I have been pursuing my genealogical line
since getting into the MyHeritage site and it has been really exciting to find ancestors
further and further back, validated by distant cousins. As I find new names of 5, 6 or 7th
generation grandparents I feel a deep connection with them. And then I wonder about their lives, what they
were like in personality how many children did they have, and so on. It’s like personal archeology but with so
much less to go on. All we usually find
are church archives that tell of birth, marriage and death. Reflecting on these ancestors makes me think
what a blessing (and a curse) social media can be for future generations to
understand their ancestors. Wouldn’t it
be something to discover a great-great grandmother’s diary, or a 7th
great grandfather’s sea log?
I know for most people these kinds of things
don’t seem to mean much to them but since I was a little girl I have always
wanted to know more about my family, perhaps because I didn’t have any
relatives that lived in this country.
Over Christmas my siblings all turned to me and said “we should be
writing down all Mom’s memories”. That
was a figurative “we” of course, they meant I should write down Mom’s memories.

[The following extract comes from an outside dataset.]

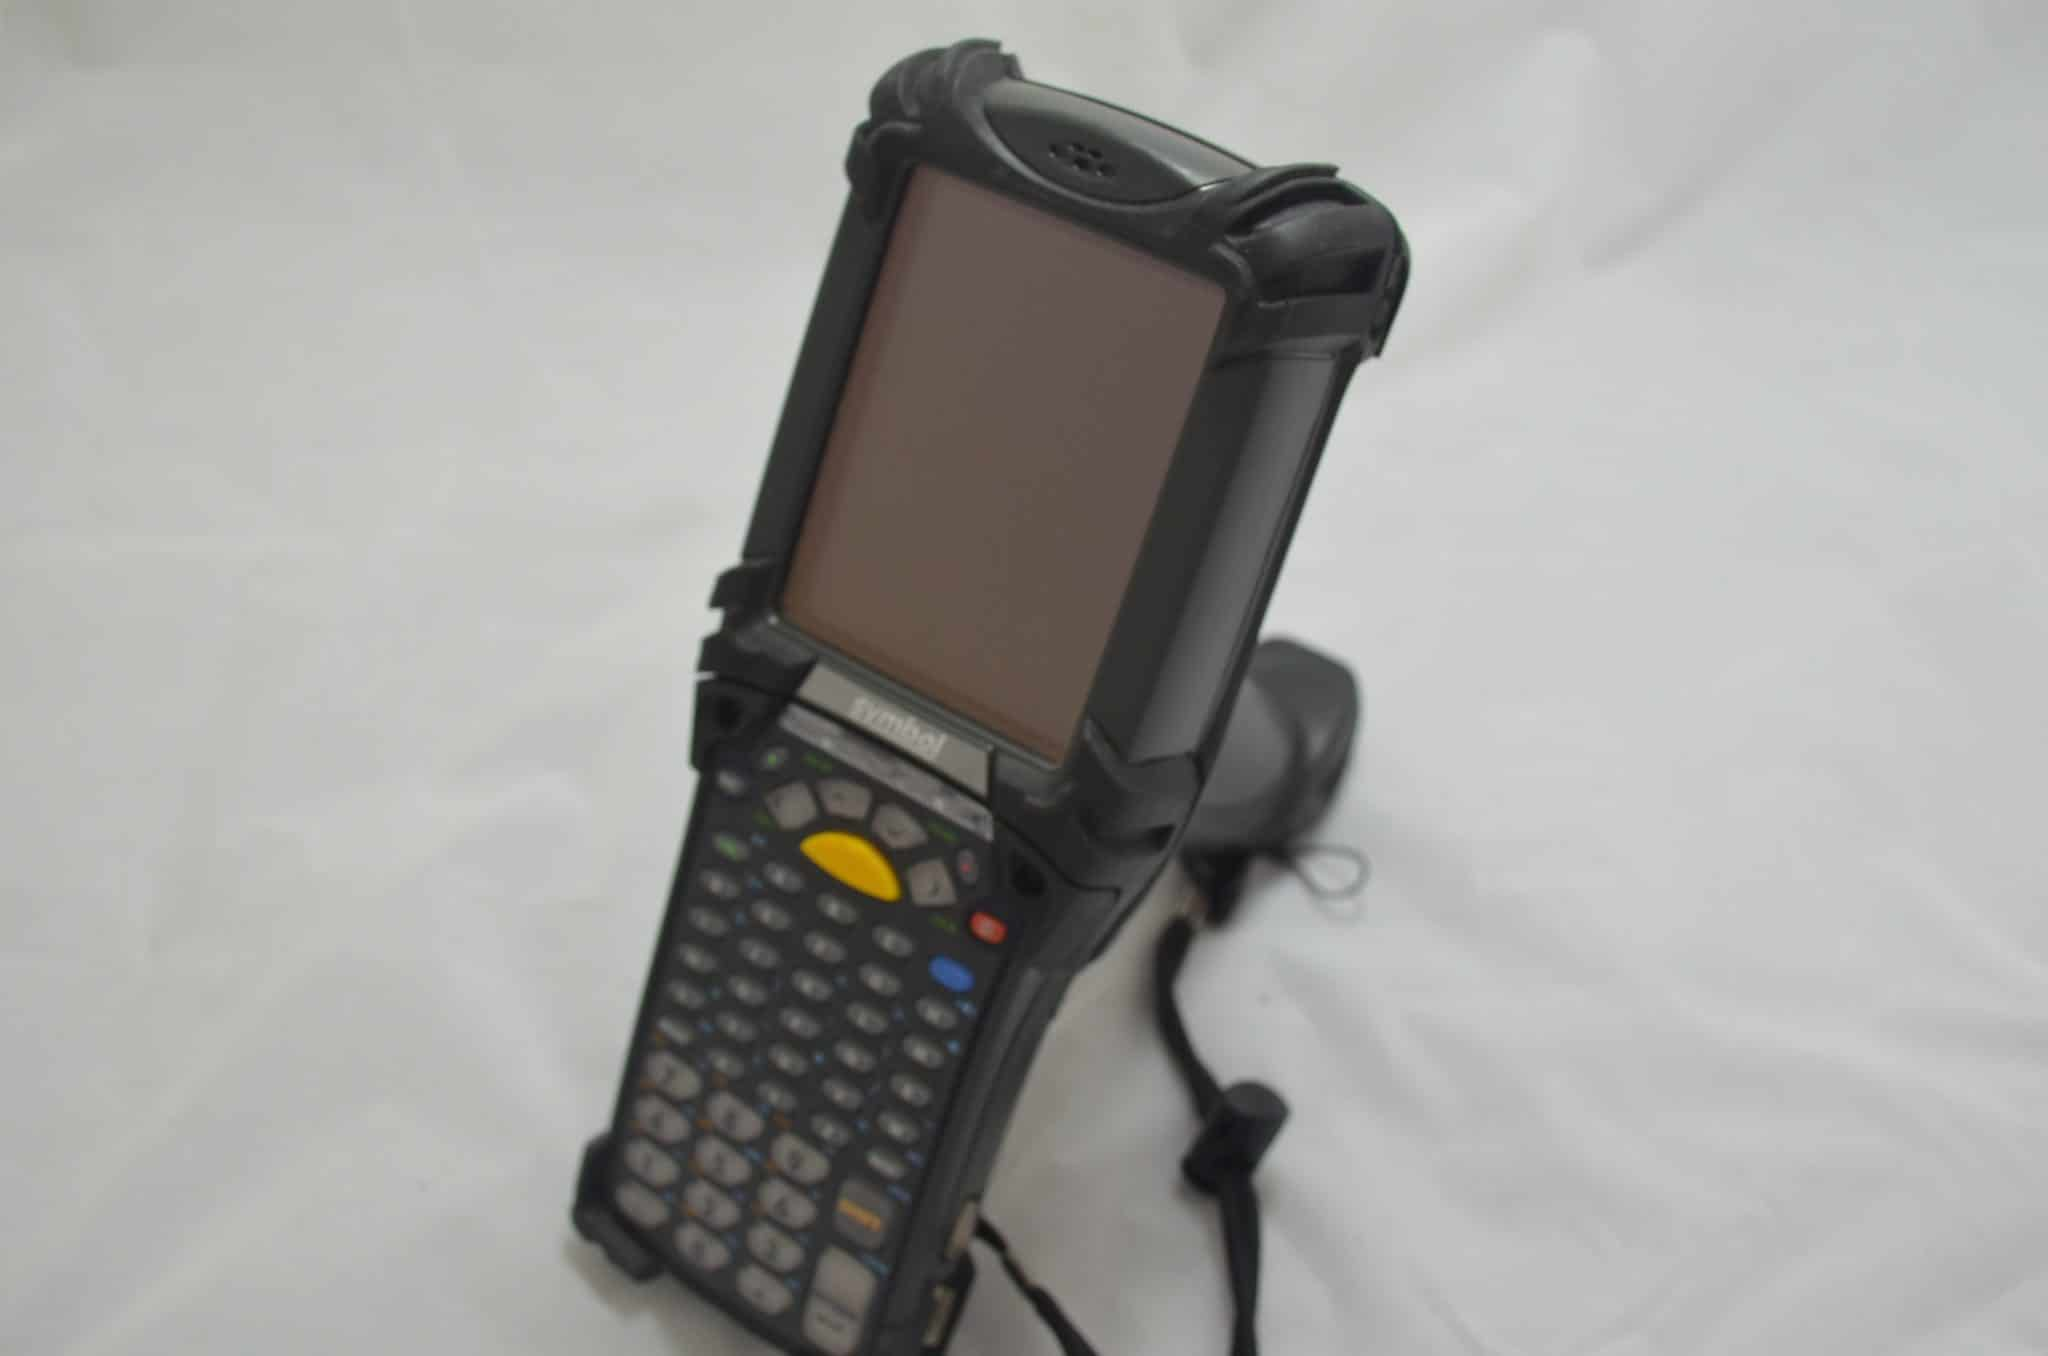 Symbol-Motorola MC9090 Handheld Scanner

So Mom and I are sitting down to start
recording stories that will grow dim unless we document them now. The first thing Mom says “wouldn’t it be
interesting if we could look down on them, into the past, to see what they were
doing?” Which made me wonder if some day
we won’t have the technology to capture the past through space travel. Now wouldn’t that be something? Wouldn’t you like to see how your
grandparents interacted and lived in the 17th century? I think it would be just awesome to actually
watch them but then, the next you will want to do is talk to them, right? Slippery slope, my friends, slippery slope!